■ **Raw data**
»»

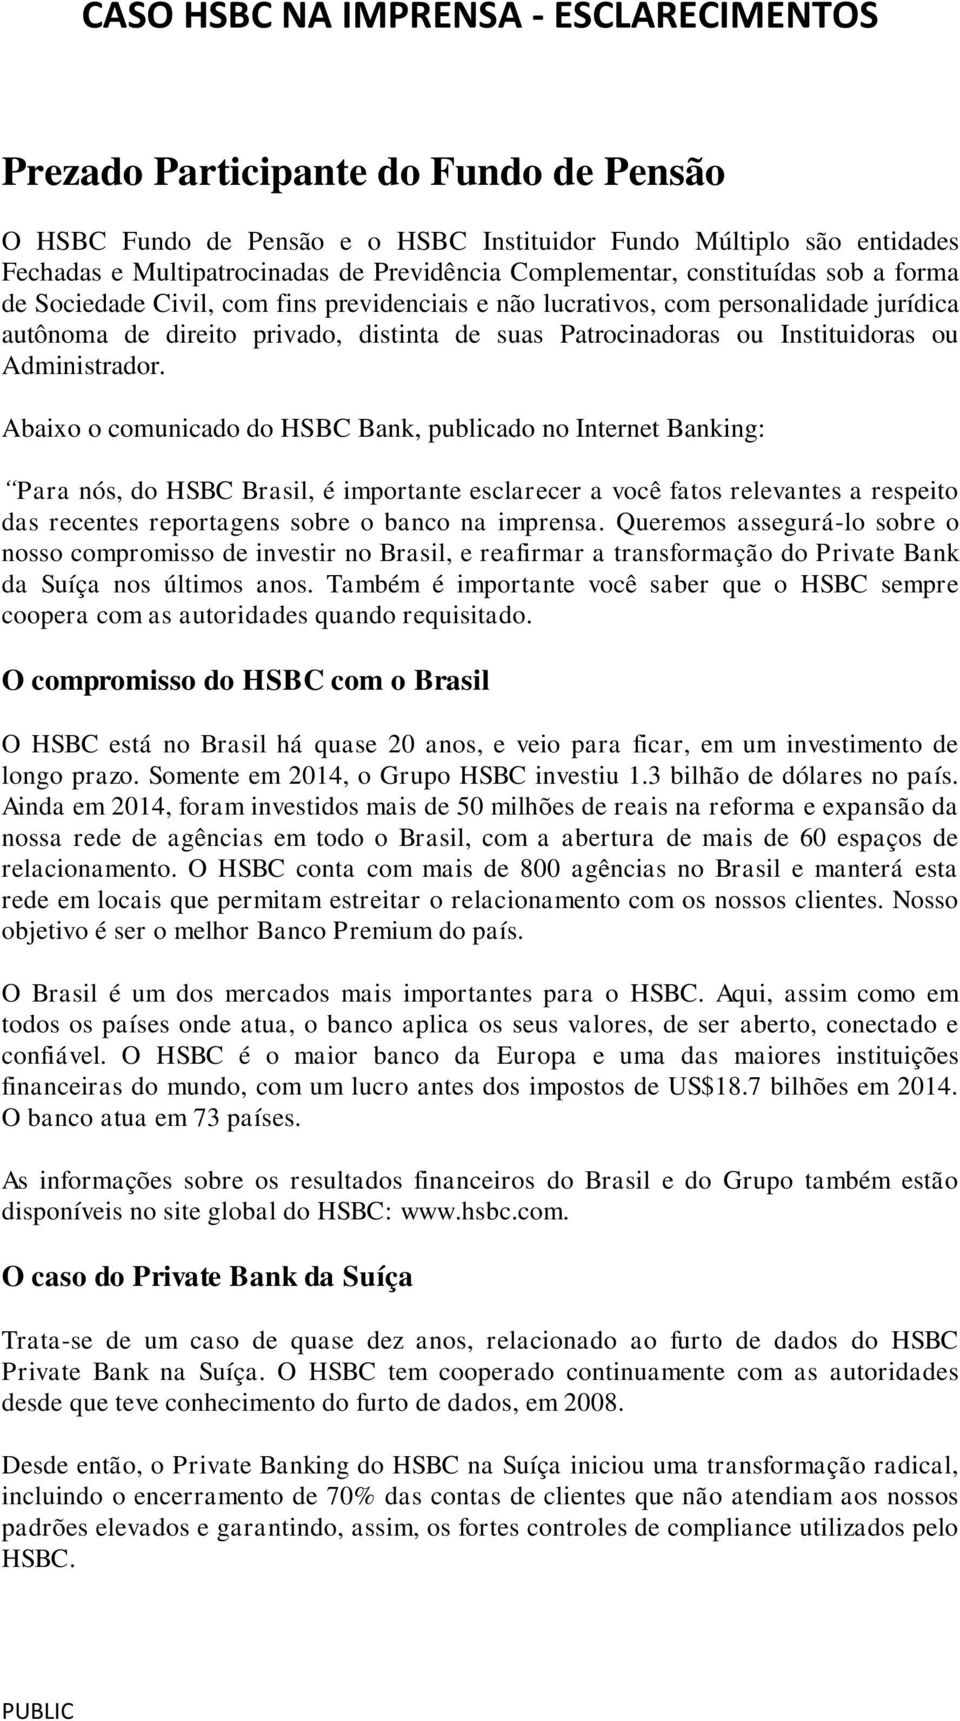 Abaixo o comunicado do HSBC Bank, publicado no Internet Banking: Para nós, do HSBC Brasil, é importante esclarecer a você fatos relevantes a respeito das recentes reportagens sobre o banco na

««
»»

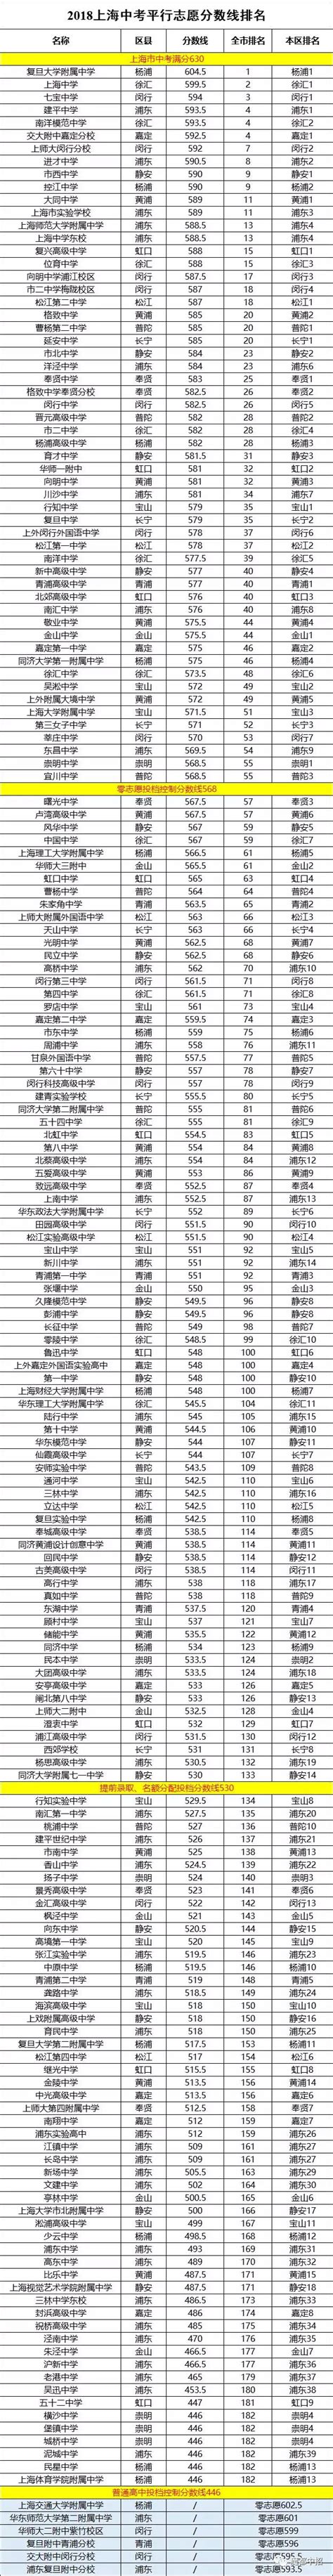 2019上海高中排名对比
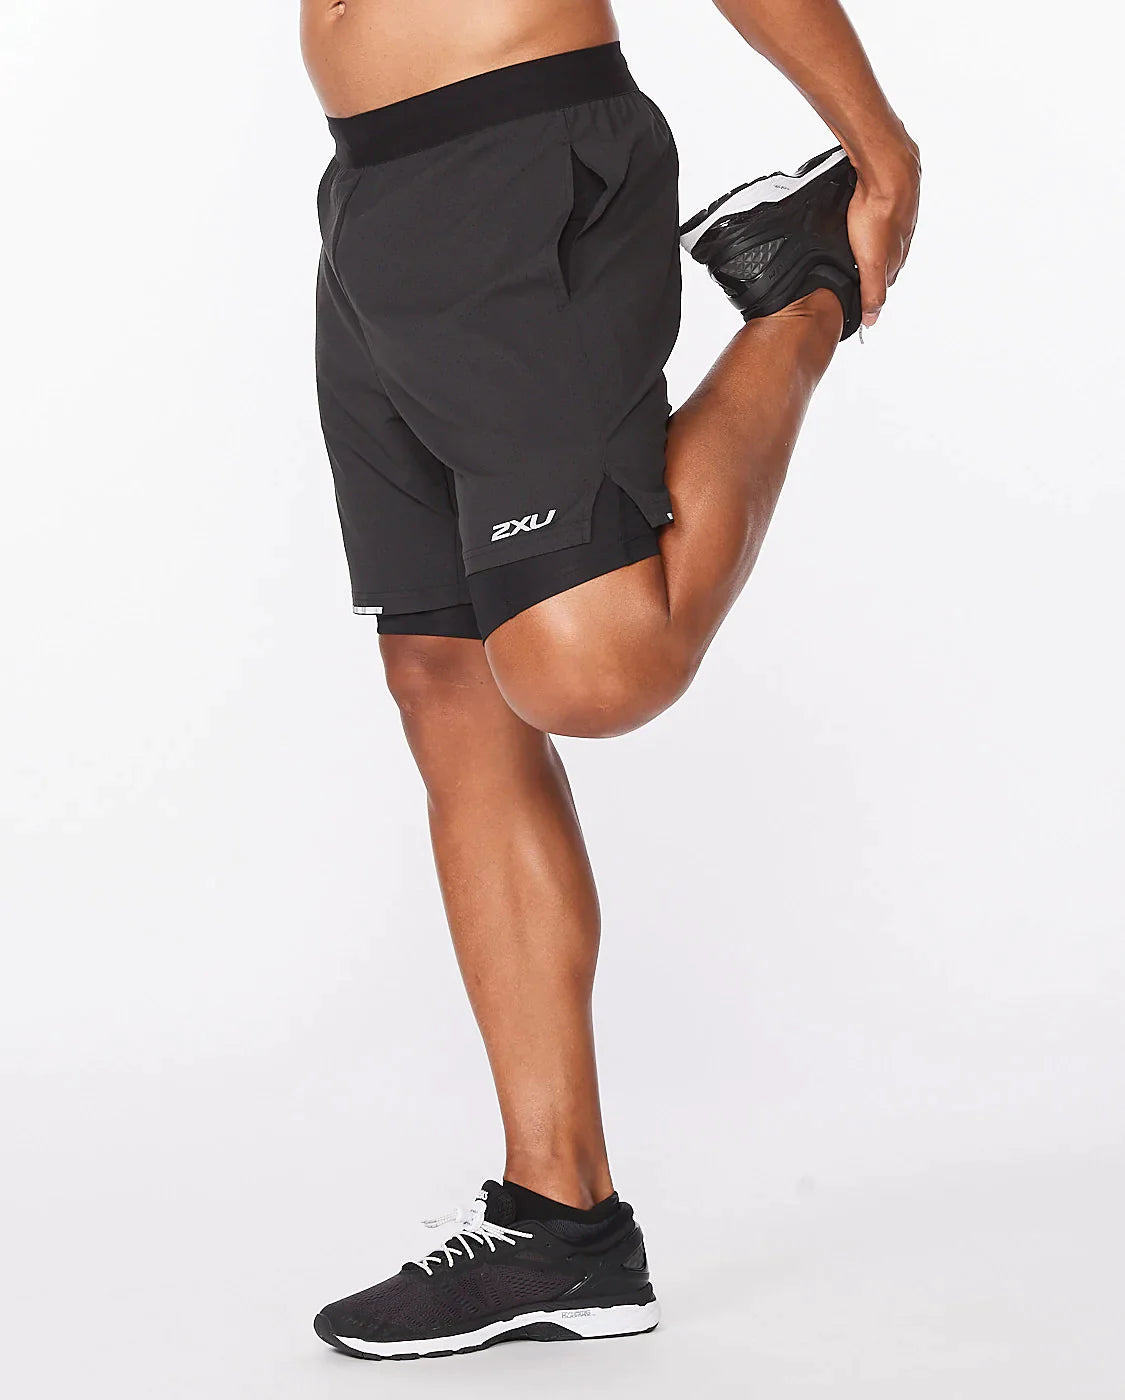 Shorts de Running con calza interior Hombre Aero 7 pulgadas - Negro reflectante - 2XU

««

■ **Work request**
Within the material above, only the stretch from the line holding "2019上海高中排名对比" through the line holding "Shorts de Running" is to be restated exactly. Pictures are dropped.

■ **Output below**
 2019上海高中排名对比
 Shorts de Running con calza interior Hombre Aero 7 pulgadas - Negro reflectante - 2XU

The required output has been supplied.